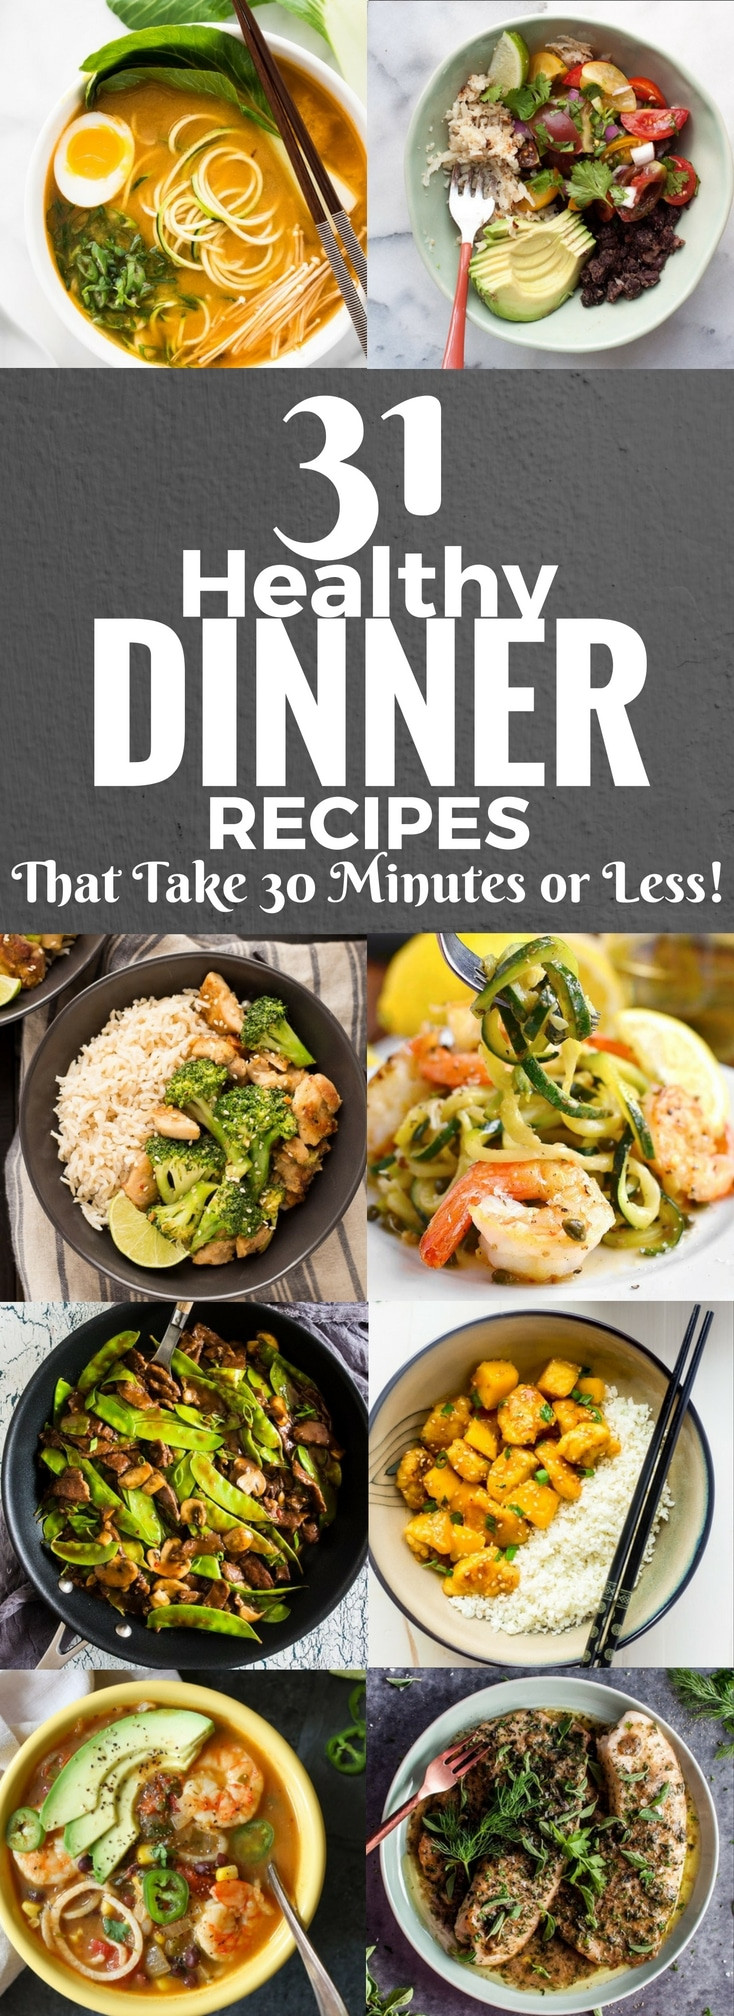 Pinterest Dinner Ideas
 31 Healthy Dinner Recipes That Take 30 Minutes or Less
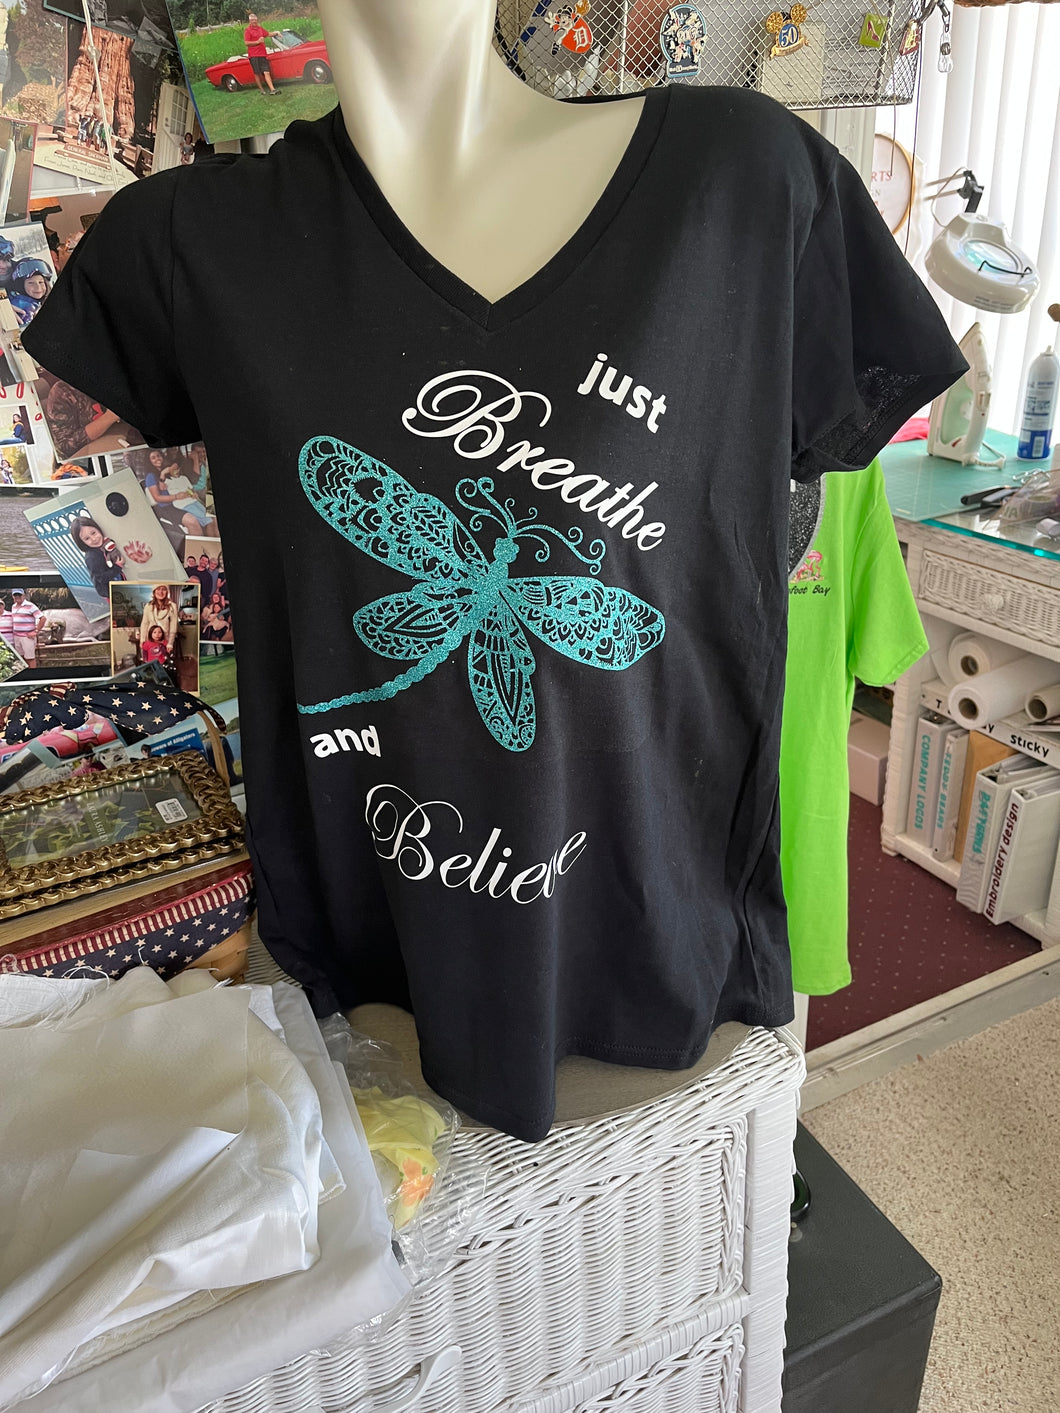 Just Breath and Believe v neck ladies Tee Shirt
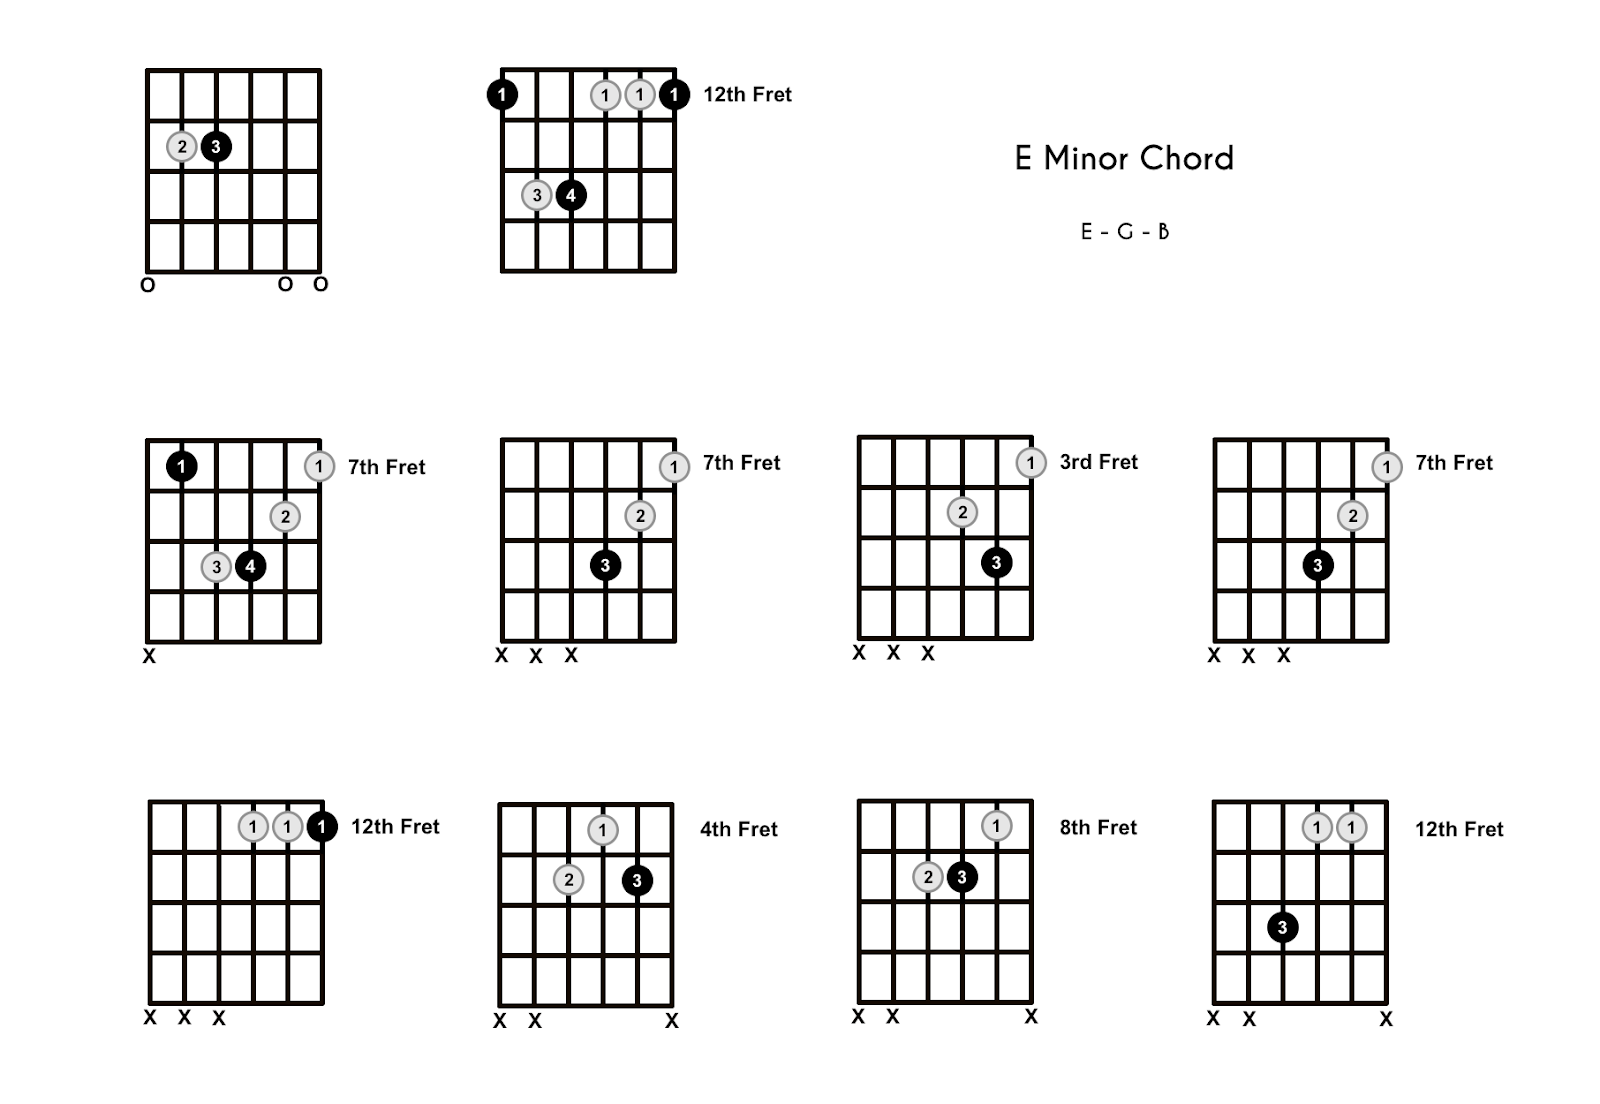 Em Chord on the Guitar (E Minor) – 10 Ways to Play (and Some Tips/Theory)
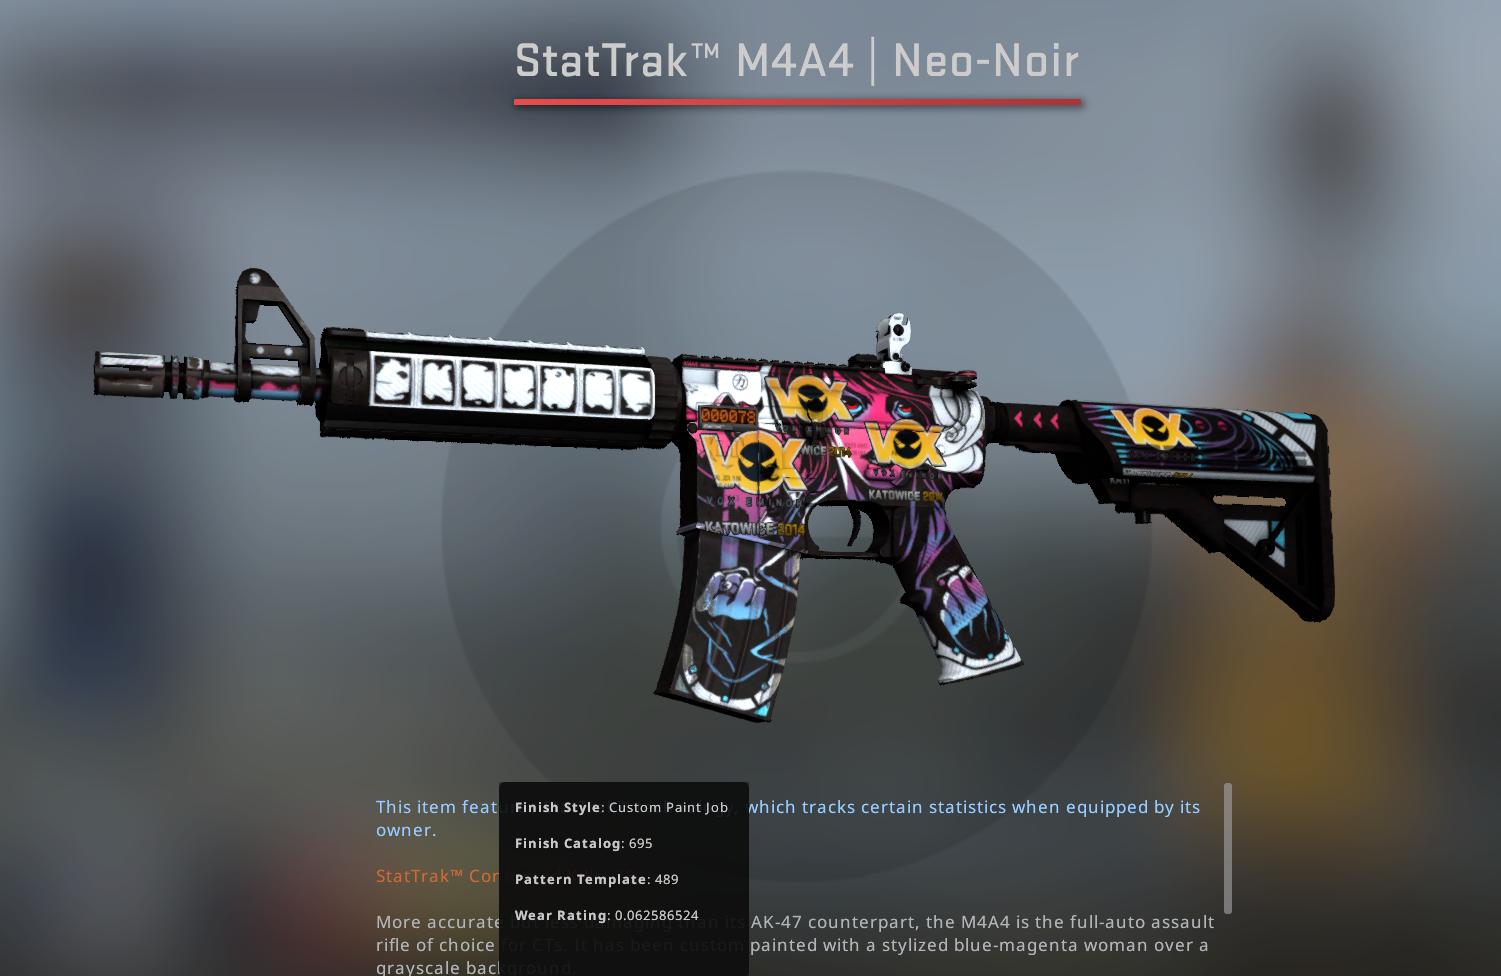 ohnePixel on Twitter: "So BOTH of these got crafted today! 😯 Sadly the M4 Noir already got crafted, so that one is a 1/2. The on the other hand is

■ ■ ■ ■

# [REQUIRED ACTION]
Exact copy, no pictures: please print the data above once more.

# [ANSWER TO THIS TASK]
 Pinterest Dinner Ideas
 31 Healthy Dinner Recipes That Take 30 Minutes or Less
 Just Breath and Believe v neck ladies Tee Shirt
 Em Chord on the Guitar (E Minor) – 10 Ways to Play (and Some Tips/Theory)
 ohnePixel on Twitter: "So BOTH of these got crafted today! 😯 Sadly the M4 Noir already got crafted, so that one is a 1/2. The on the other hand is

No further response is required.